I really rate the deep-pile uber drying towels, Iv got a blue and yellow one, the yellow one I got from Alex at elite I slightly favour for some reason, not sure why.


----------



## polishyourcar (Oct 2, 2010)

We have the blue fluffy ones (some similar to the AB ones) 3 for £15 absorbs loads of water.


----------



## david g (Dec 14, 2005)

asifsarwar said:


> Chemical guys orange towel is amazing better than miracle dryer but i think they have now stopped selling it!


We have them back in now just need to add them to the store :thumb:


----------



## J90CVC (Nov 21, 2010)

-Kev- said:


> stop telling people to use the search function - people are allowed to ask questions. if you've not got a constructive answer don't post


One that's been asked a million times. Just trying to save people time, but whatever...and how is it not constructive, I posted five links that are threads related to what he exactly wanted to know and that that have been answered (shock!), I'd say that was helpful


----------



## Spuj (Apr 19, 2010)

I started off with Megs Water Magnets which I didn't really like. Then bought a CYC Large Waffle weave from a chap off here, didn't like that too much either so I know have one of the Blue towels with red linning (Elite Car Care) and find it excellent.

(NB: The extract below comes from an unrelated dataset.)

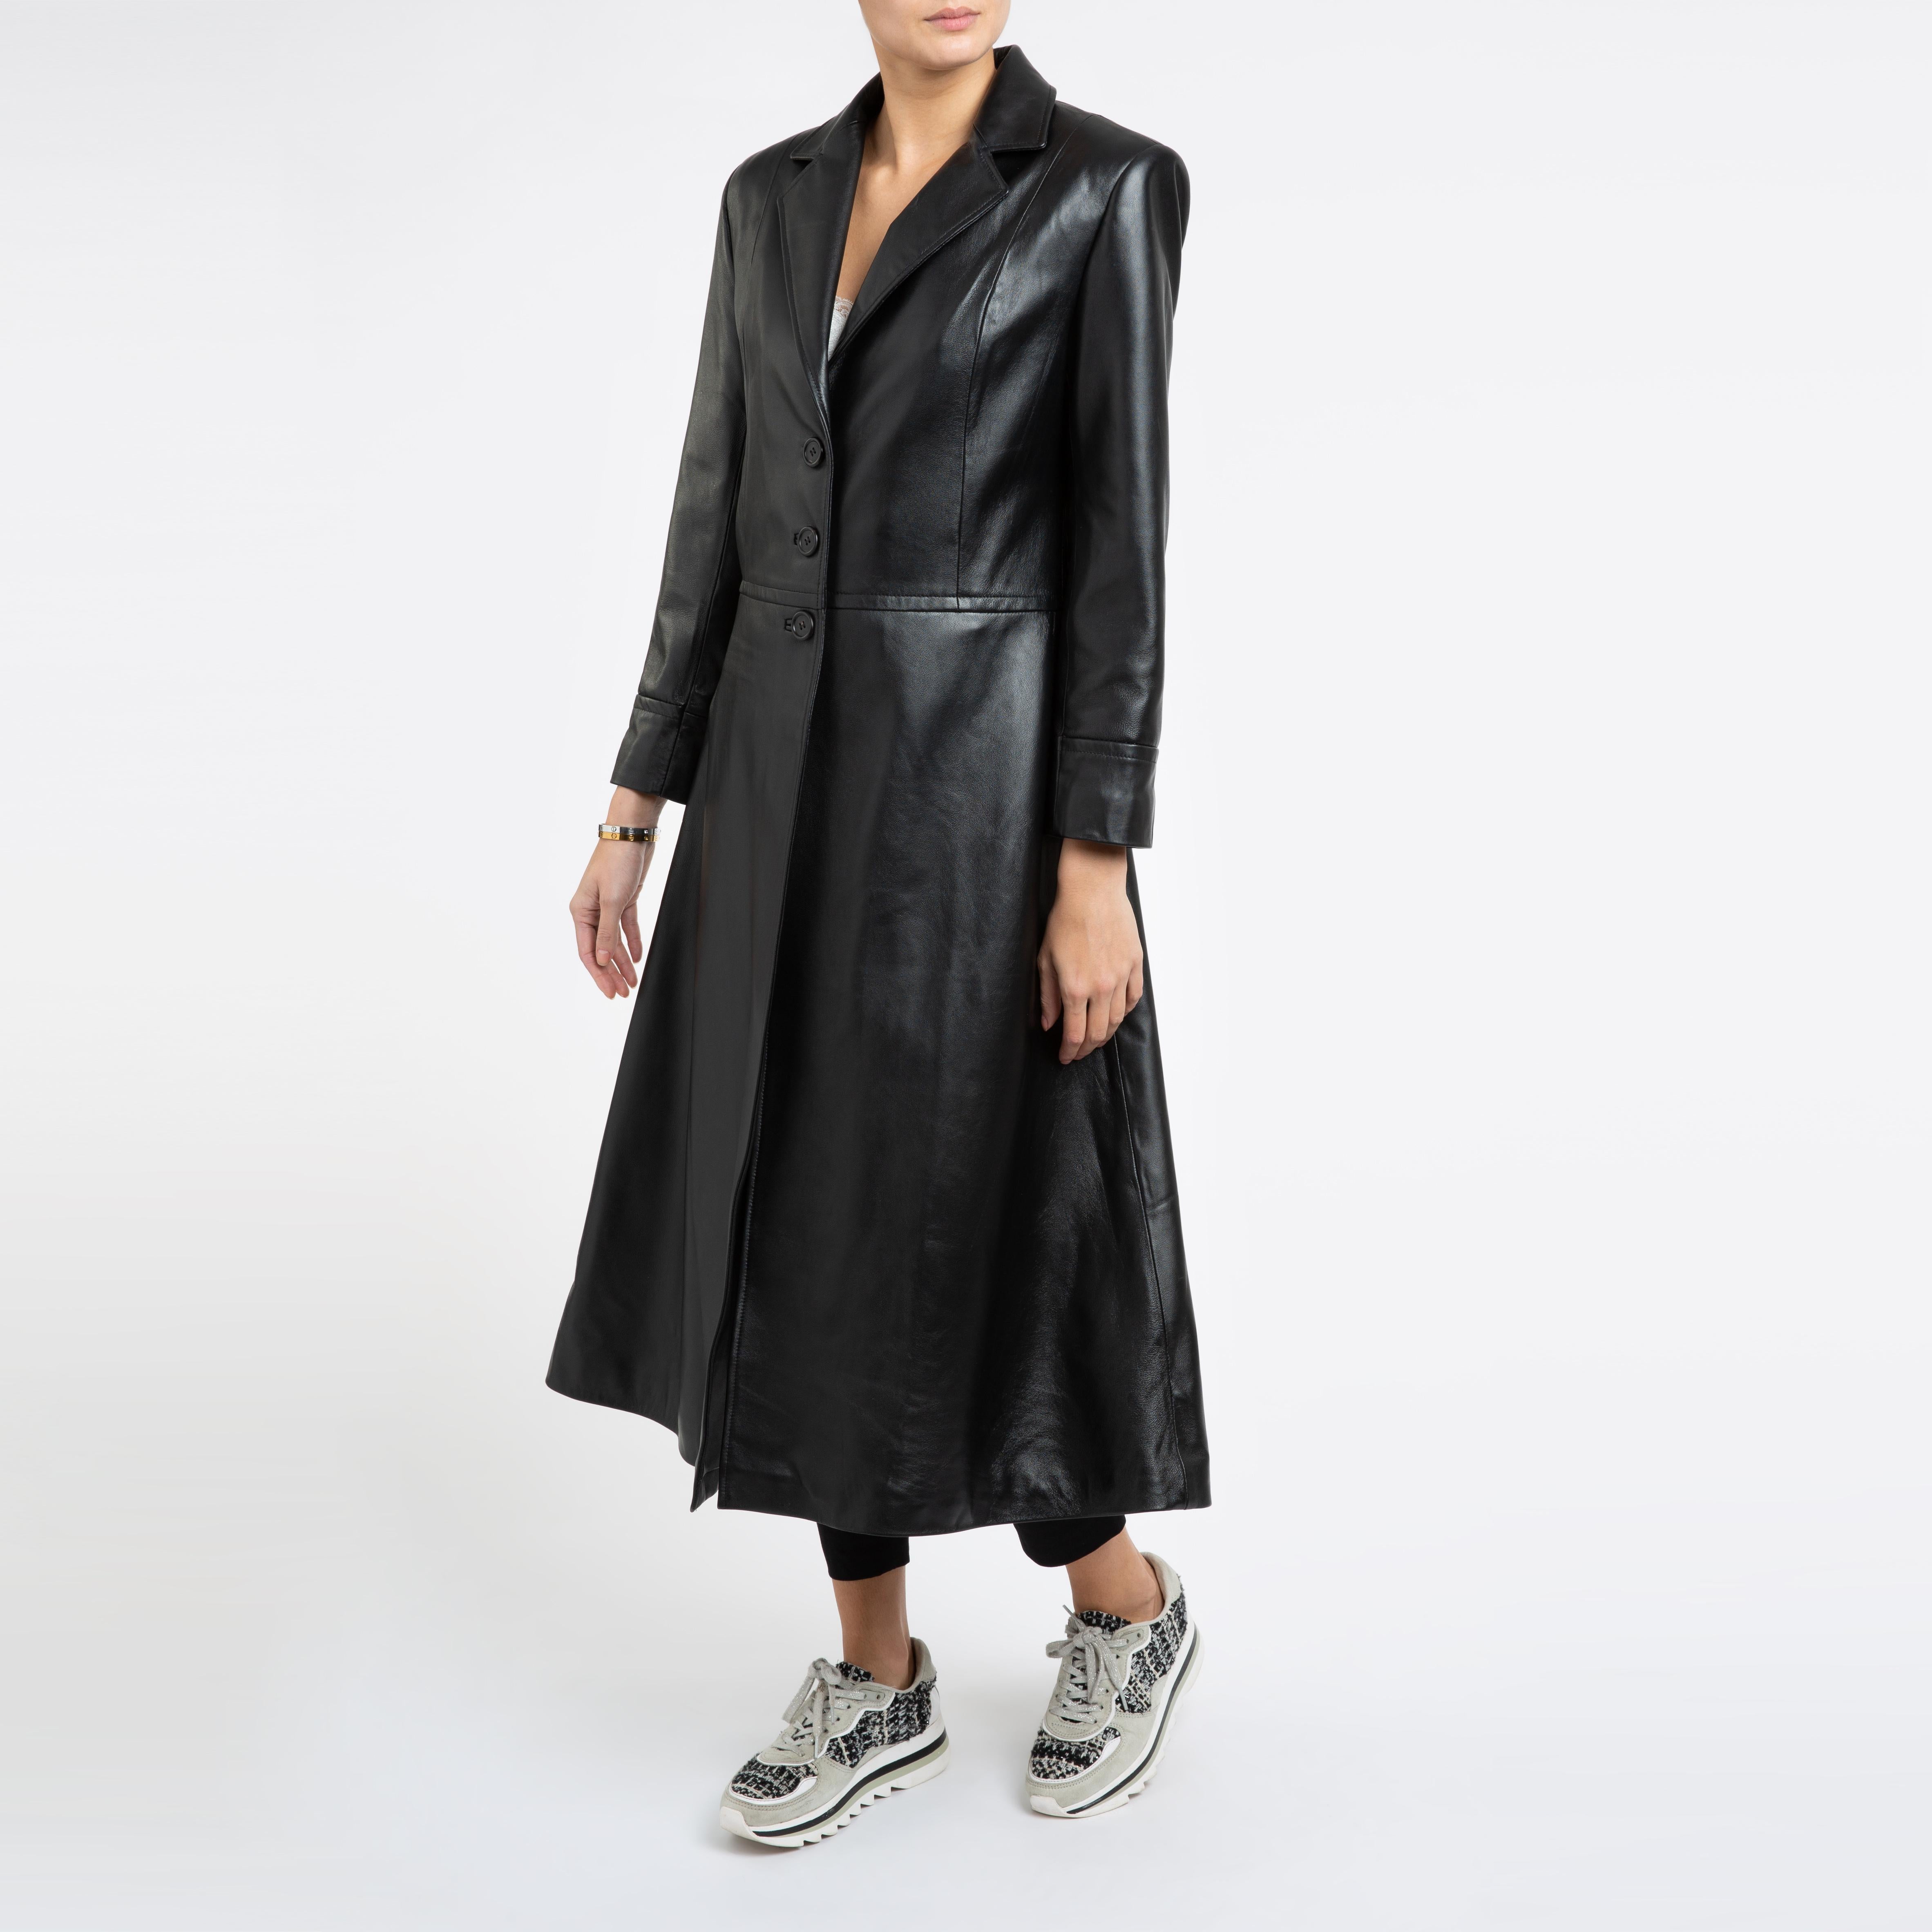 Verheyen London Oversize 70's Leather Trench Coat in Black - Size uk 12 For Sale 7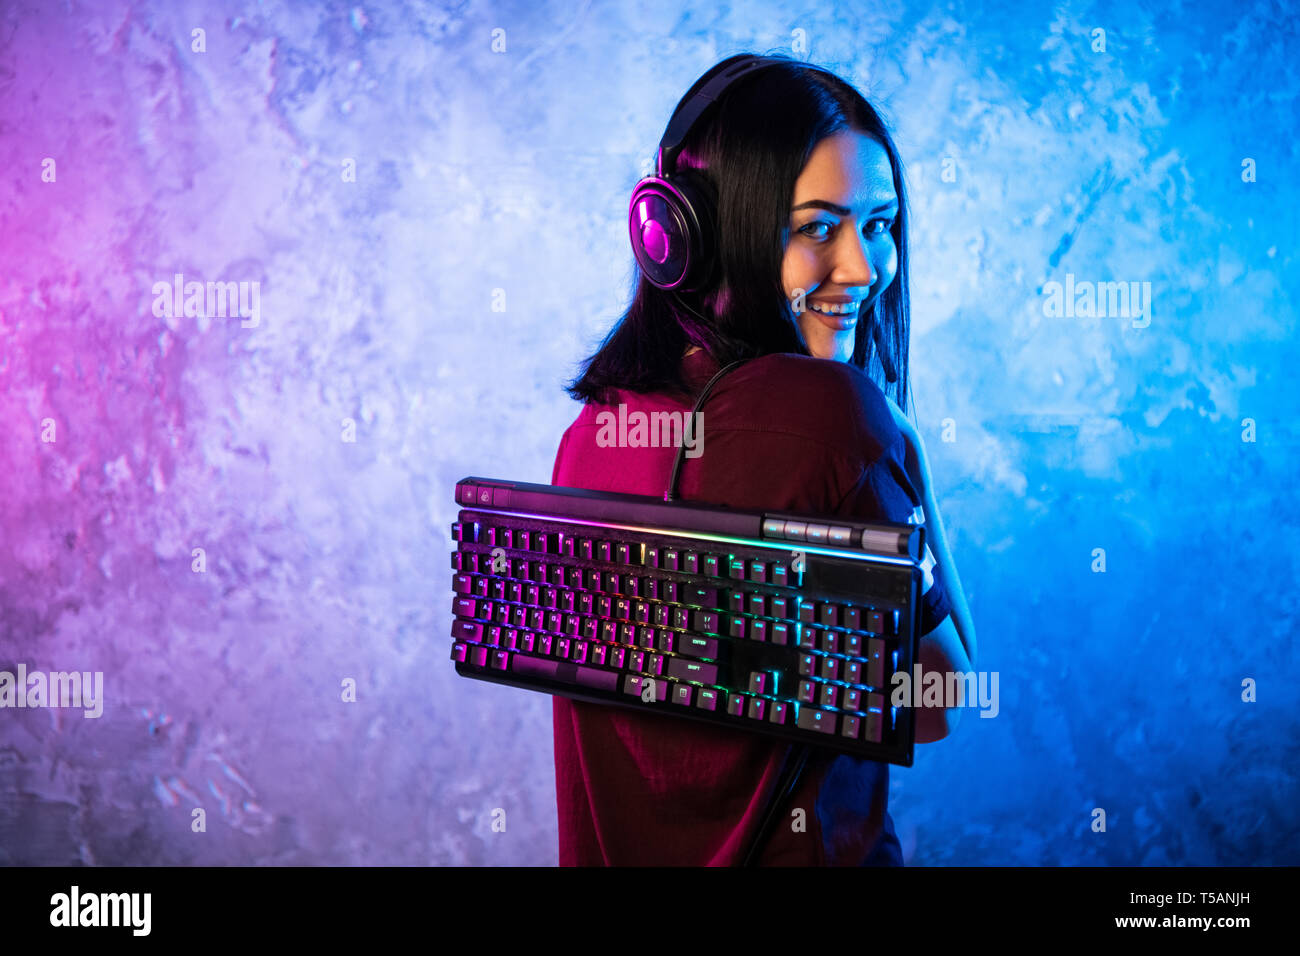 Funny nerd gamer girl posing with gaming keyboard, playing computer games  Stock Photo - Alamy

For some reason I can't get on with waffle weaves for drying, but thats just me.

Would definately recommned one of the Blue with red linning towels, most traders sell them in one form or another and they are fantastic.


----------



## sludge59 (Nov 28, 2010)

Luxury drying towel from Polished Bliss. Recomended to me by a pro detailer they are amazing.


----------



## neo8047 (May 5, 2006)

david g said:


> We have them back in now just need to add them to the store :thumb:


When you you think you will be adding them to the store as I would like to order a few. I got one in March last year and its fantastic.


----------



## EliteCarCare (Aug 25, 2006)

grayfox said:


> I really rate the deep-pile uber drying towels, Iv got a blue and yellow one, the yellow one I got from Alex at elite I slightly favour for some reason, not sure why.


The Yellow ultra plush drying towels are my go-to towel, the softest you'll find and very absorbent, we also have an XL version for those who are man enough!! :thumb:

Alex


----------



## TheMetalMan0 (Jan 5, 2010)

Absolutely love these towels. Got one of the smaller ones and a blue 'fluffy' one. The blue one doesn't come anywhere near the ultra plush ones. I've just ordered one of the XL ultra plush ones.


----------



## Dixondmn (Oct 12, 2007)

guy_92 said:


> I use that giant CYC waffle weave towel, been on sale for over a year now lol
> 
> http://www.cleanyourcar.co.uk/washing-and-drying/huge-38-x-28-microfibre-drying-towel/prod_154.html
> 
> Was going to try some Dri u kwik ones soon but heard the AS ones are very similar and much cheaper.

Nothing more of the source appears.